There are many new establishments in Munoz in the past few years. Notable are Jollibee Munoz, Mang Inasal Munoz, 7/11, BDO, Land Bank, Novo, Lucky 99, Friendship Supermarket, Inc (FSi), and the Villa-Mendoza Training Institute, are now major landmarks on the city.

In terms of commercial and shopping sector, Robinsons, Savemore and Puregold has also initially identified locations in the city for future construction.
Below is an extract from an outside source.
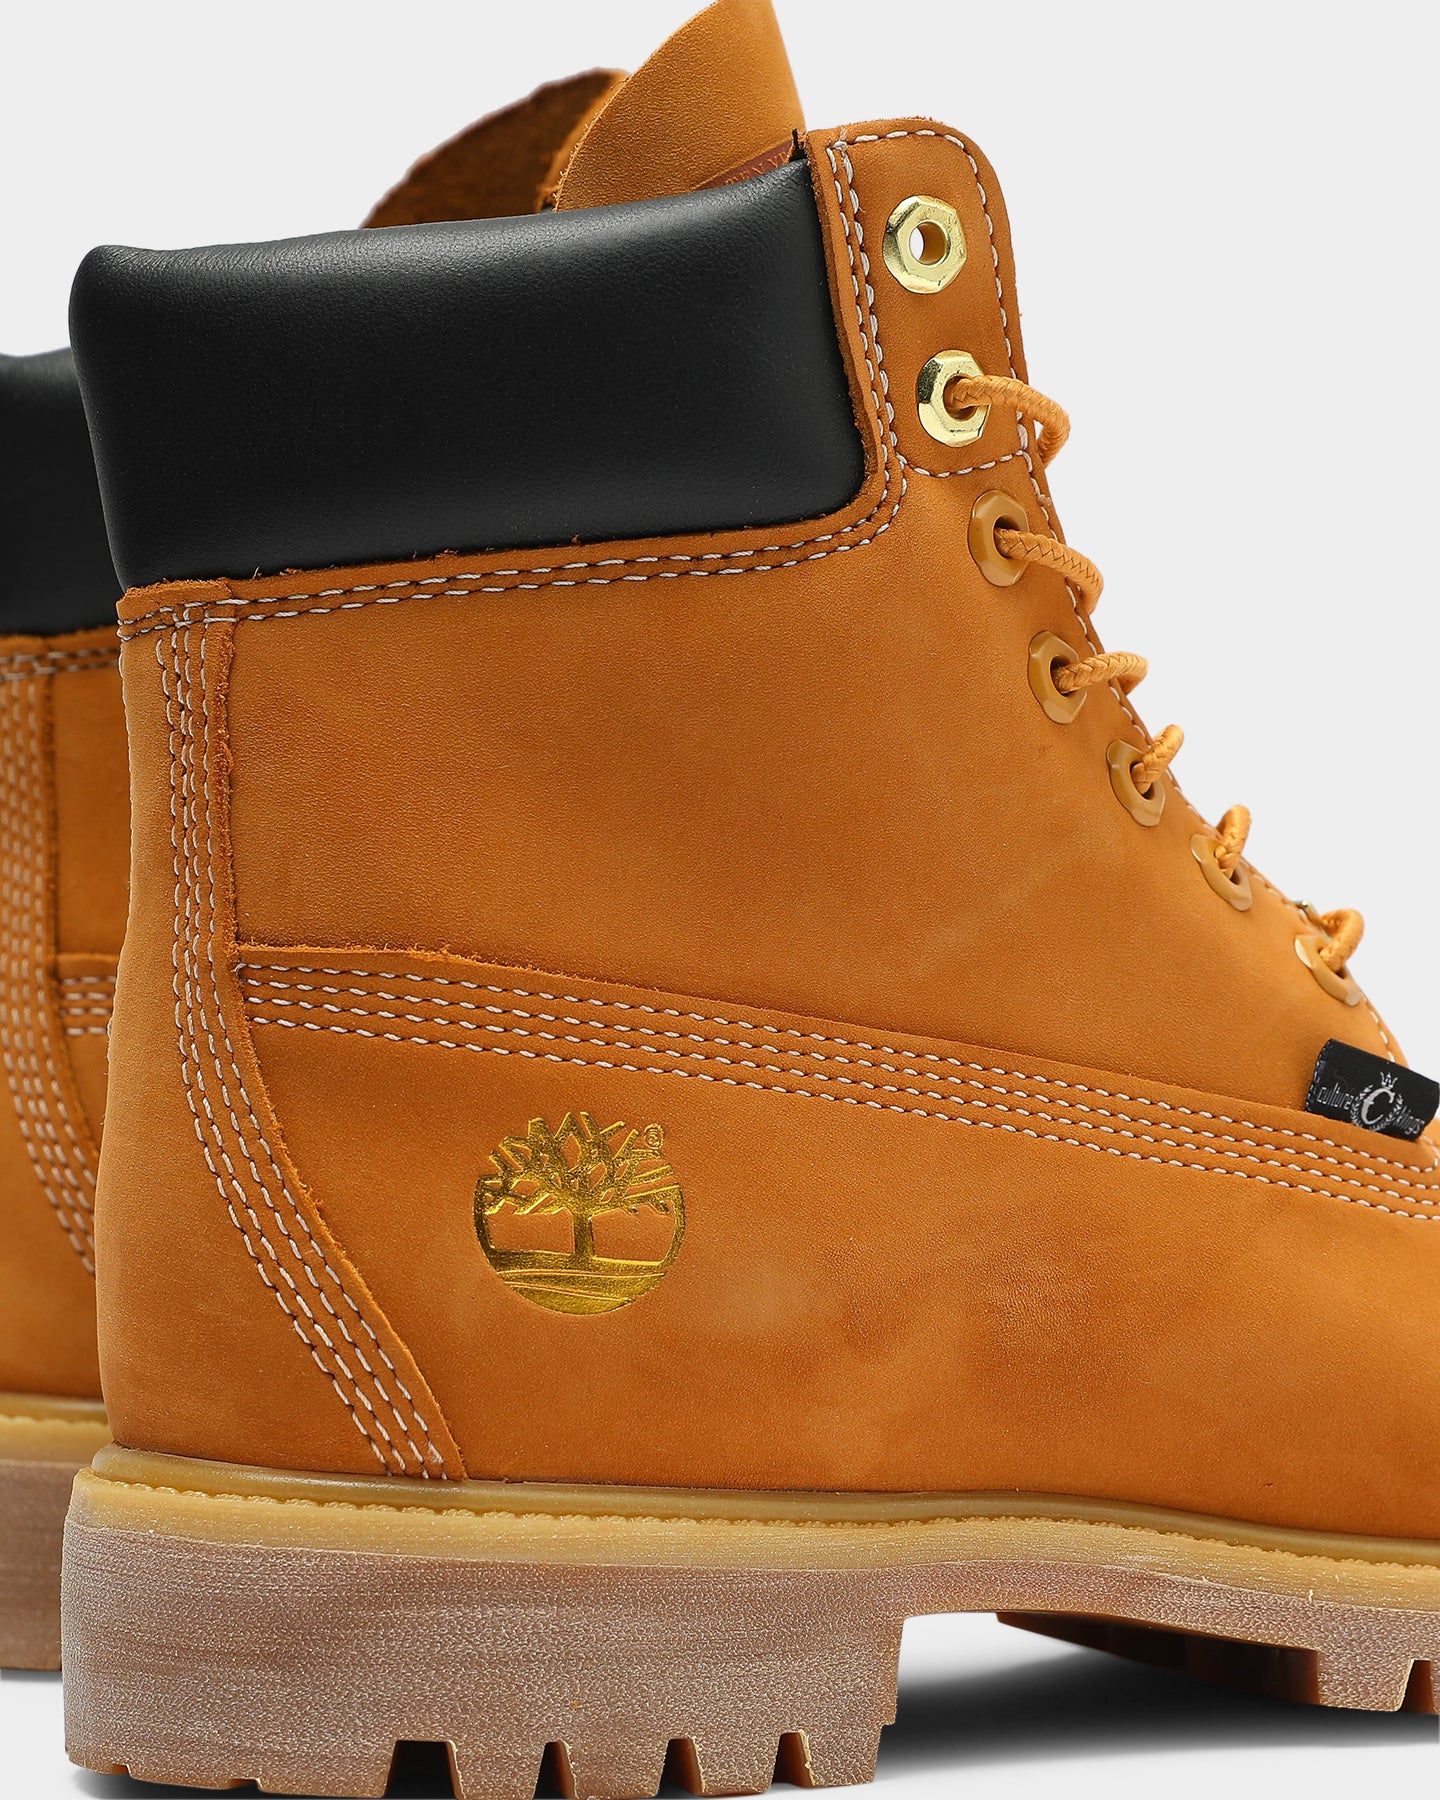 timberland x culture kings

Fast-food chain operator Jollibee already established their store in the city.

With a bustling market center with rice trading as a major economic activity, it has transformed into its present status as a Science City by virtue of Republic Act 8977 on December 9, 2000. Being a science city, Muñoz was acknowledged as one of the members of League of Cities of the Philippines and became a pilot city of achieving the United Nations' Millennium Development Goals.
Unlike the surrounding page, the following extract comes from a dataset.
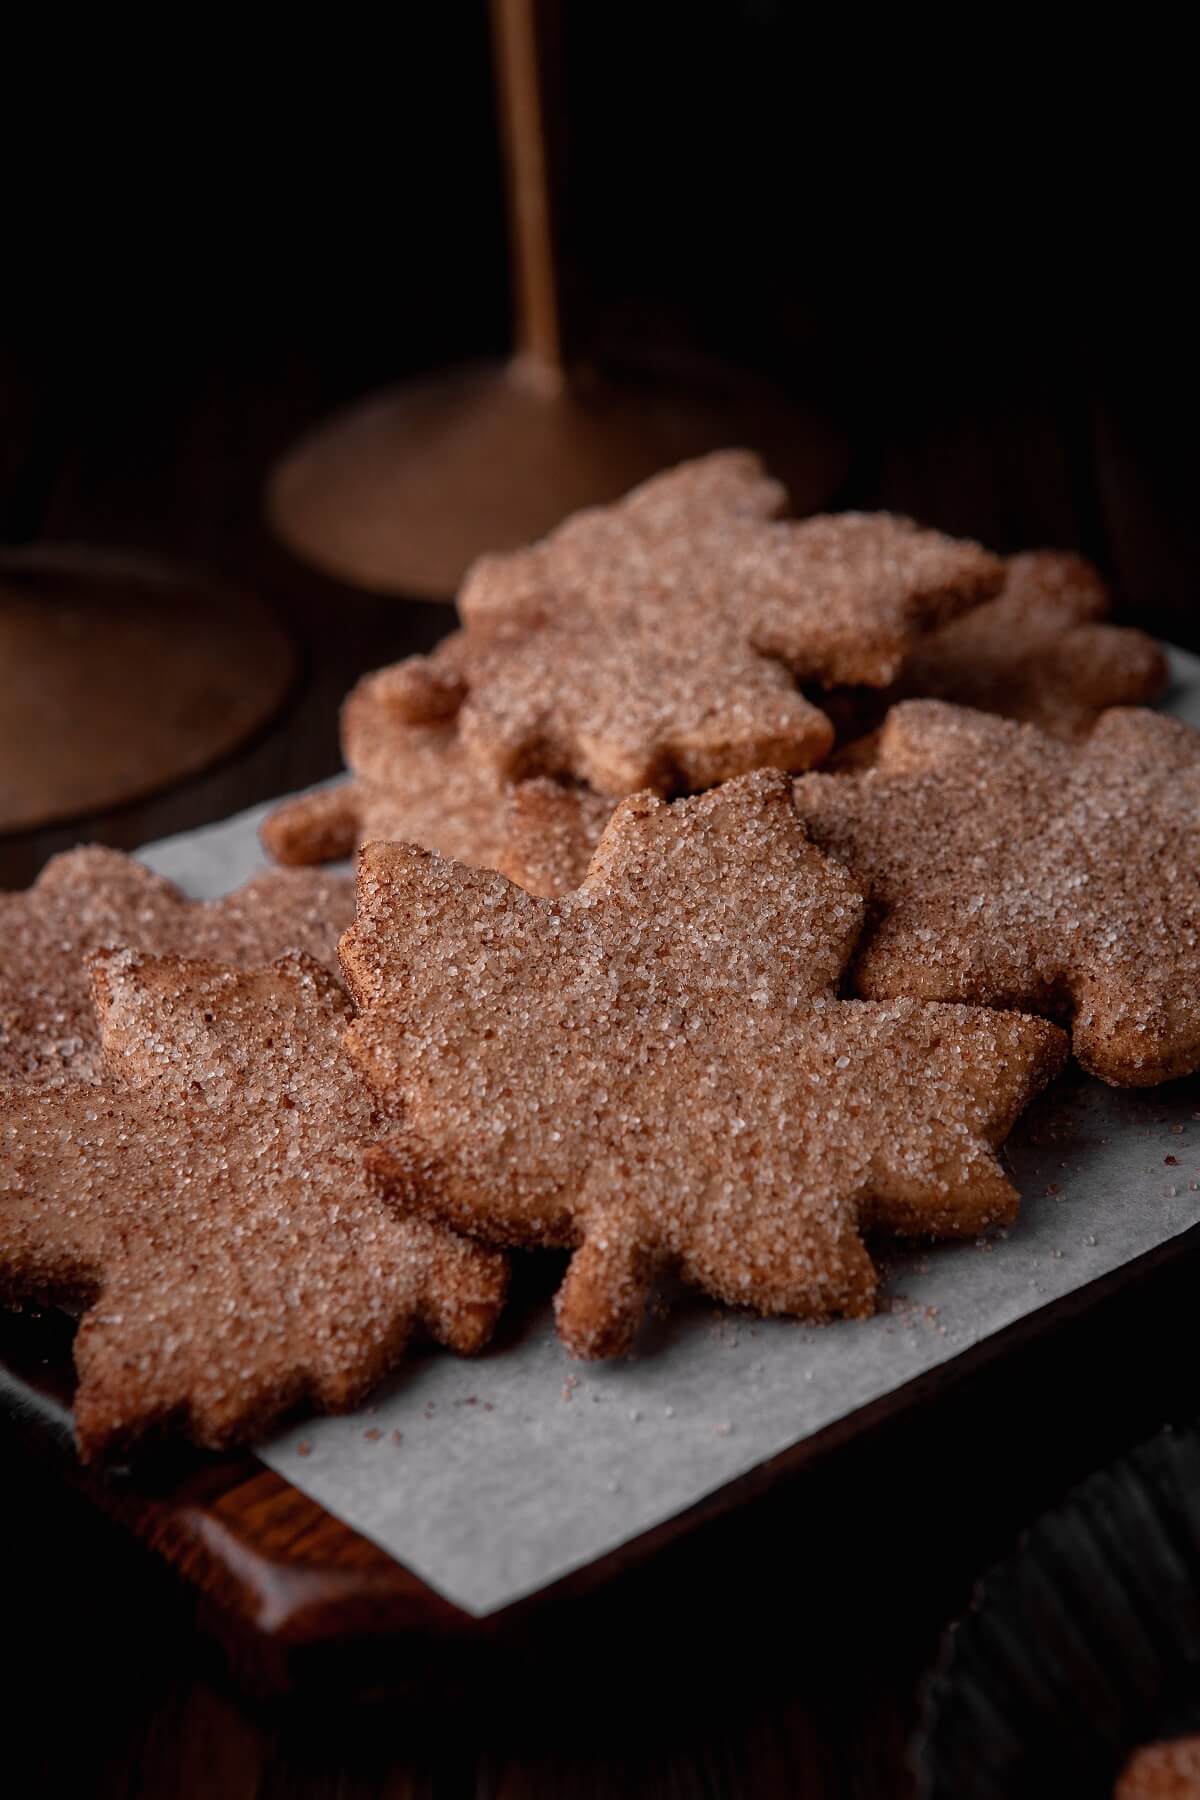 Parchment paper covered with leaf shaped Walnut Cookies coated in cinnamon sugar.

- Research and development centers
- The Philippine Rice Research Institute (PhilRice) (formerly the Maligaya Rice Research and Training Center (MRRTC)) is found in Muñoz
- Central Office and National Genepool of the Philippine Carabao Center (PCC).
- National Freshwater and Fisheries Training and Research Center (NFFTRC)
- The main offices of the Bureau of Postharvest Research and Extension (BPRE) now known as Philippine Center for Postharvest Development and Mechanization (PhilMech)
- Bureau of Fisheries and Aquatic Resources (BFAR-NFFTC) are also based in Muñoz.

==Government==
===Elected officials===

Members of the Muñoz City Council (2022–2025)
| Position | Name |
| District Representative (2nd Legislative District of the Province of Nueva Ecija) | Mario O. Salvador |
| Chief Executive of the City Muñoz | Mayor Baby Armi L. Alvarez |
| Presiding Officer of the City Council of Muñoz | Vice Mayor Nestor L. Alvarez |
| Members of the City Council | Marianito C. Pacheco Jr. |
Jerry S. Fulgencio
Rommel G. Abon
Henry G. Agaloos
Altreb S. Castañeda
Cesar T. Viloria Jr.
Allan S. Pingol
Carmelita J. Umagat
Vincent DV. Alvarez
Rodney S. Cabrera

==Transportation==
As with most towns in Central Luzon, inter-city transport is through the Pan-Philippine Highway (also known as Maharlika Highway/ Asian Highway 26), the country's principal transport backbone.

==Land use==

| Land use | Hectares |
|---|---|
| Agricultural | 9,819 |
| Residential | 2,847 |
| Commercial and industrial | 784 |
| Institutional | 740 |
| Forest hills and pasture | 1,215 |
| Roads | 246 |
| Water bodies | 516 |
| Open spaces | 138 |
| Total | 16,305 |

==Education==
- Central Luzon State University - a state university located on a 658-hectare campus. It serves as the lead agency of the Muñoz Science Community and hosts the Regional Research and Development Center in Central Luzon. CLSU is recognized for its significant contributions to agricultural research in Southeast Asia, particularly in areas such as aquatic culture (notably in the sex reversal of tilapia), ruminant studies, crop science, orchard management, and water management.